=== Entries supplied ===
·····

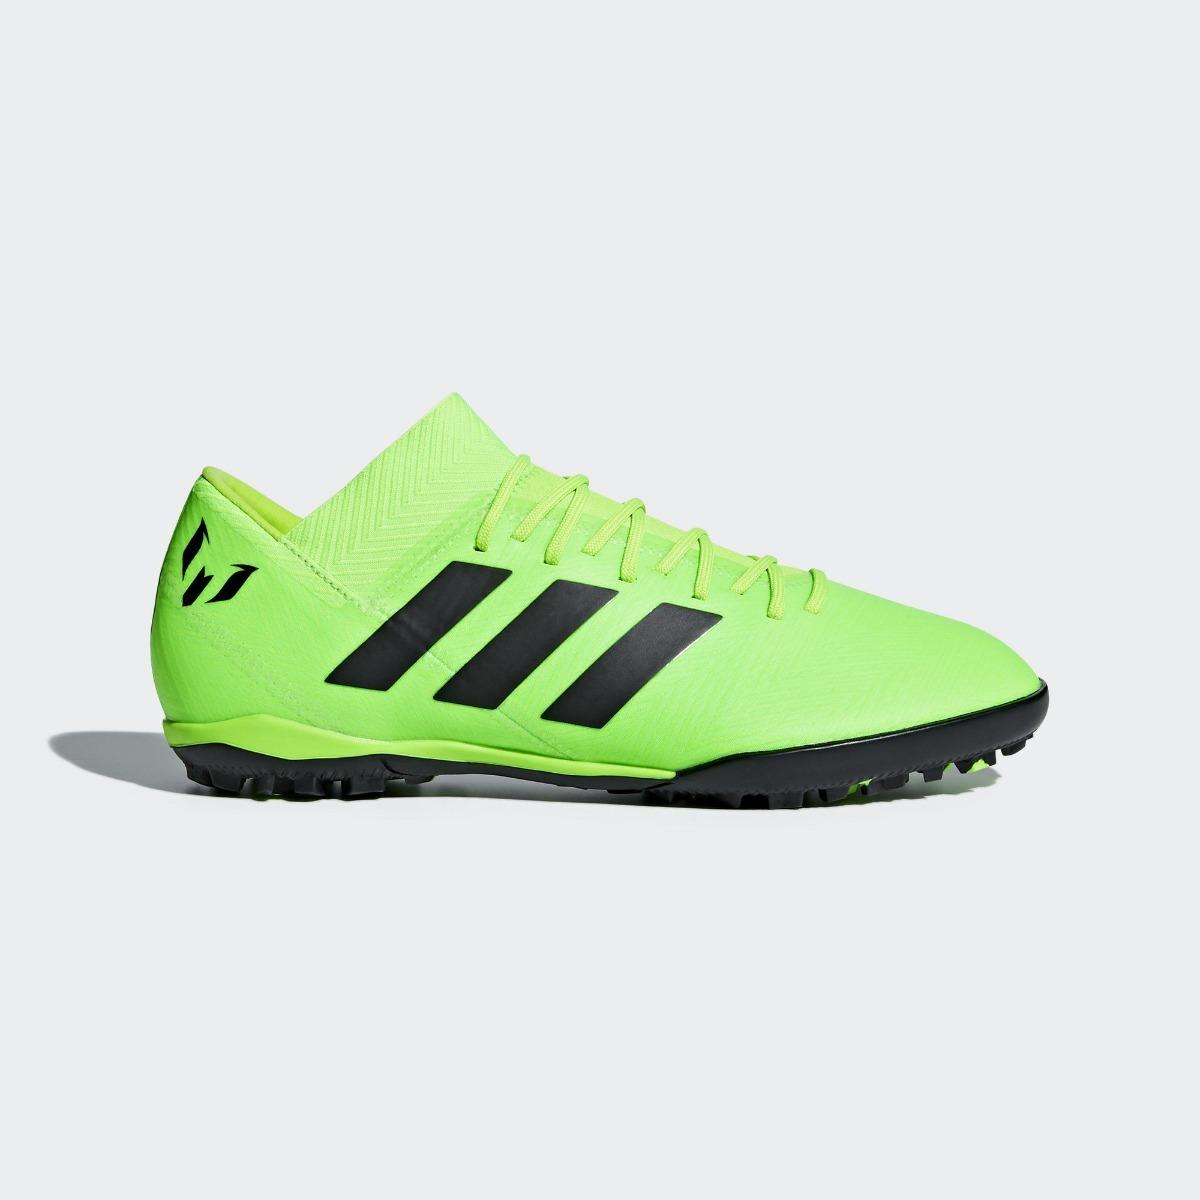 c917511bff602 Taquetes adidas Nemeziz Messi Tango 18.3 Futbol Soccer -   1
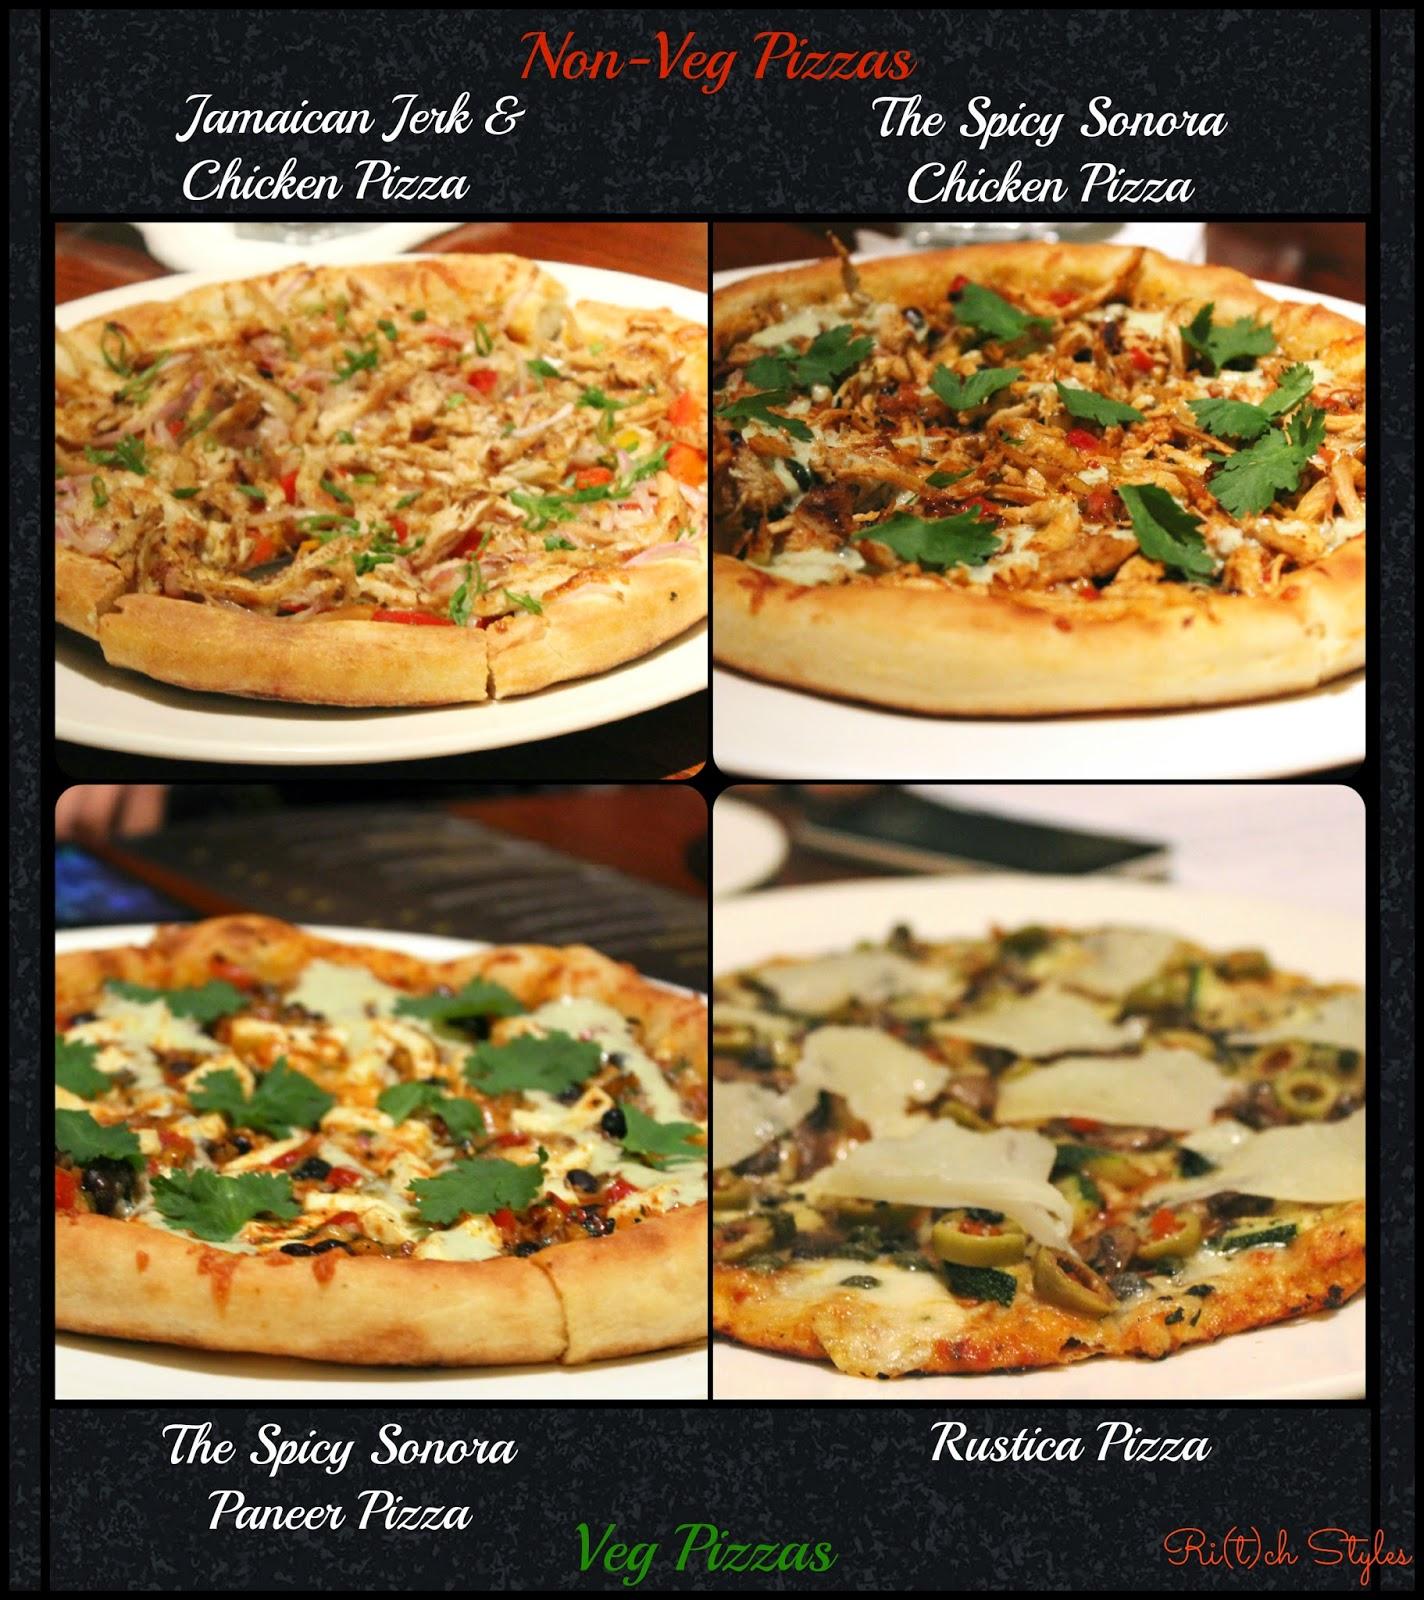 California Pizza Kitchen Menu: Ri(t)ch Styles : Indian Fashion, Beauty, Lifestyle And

·····

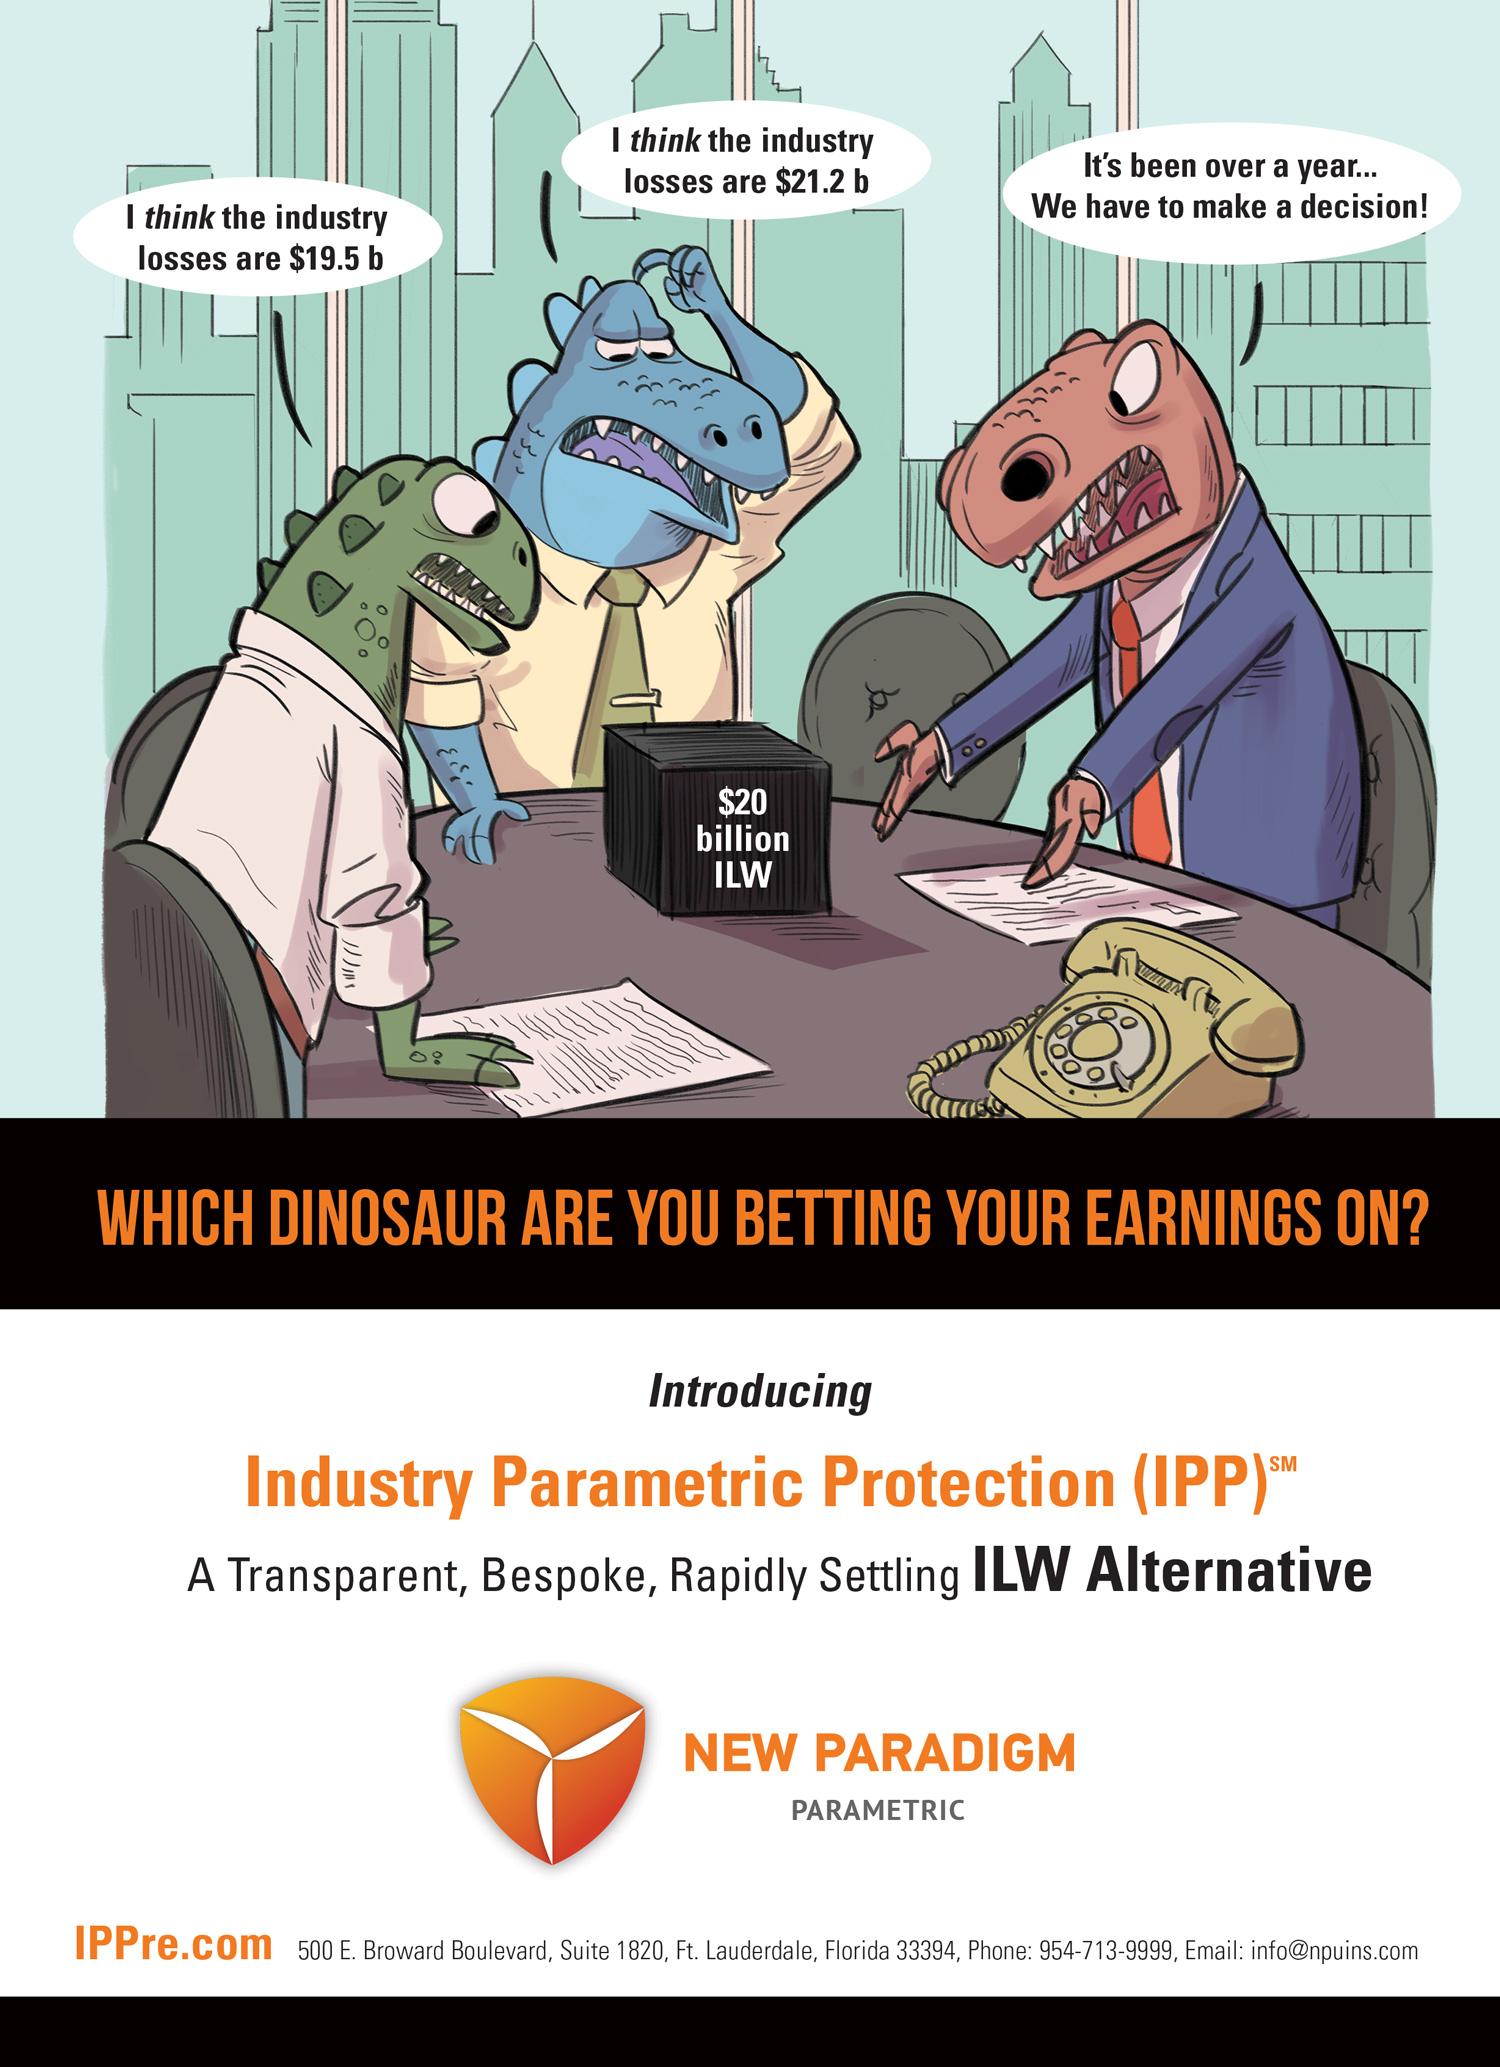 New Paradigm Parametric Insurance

·····

From the records above, copy only the lines running from the line holding "c917511bff602 Taquetes adidas" through the line holding "California Pizza Kitchen", with no pictures.

 c917511bff602 Taquetes adidas Nemeziz Messi Tango 18.3 Futbol Soccer -   1
 California Pizza Kitchen Menu: Ri(t)ch Styles : Indian Fashion, Beauty, Lifestyle And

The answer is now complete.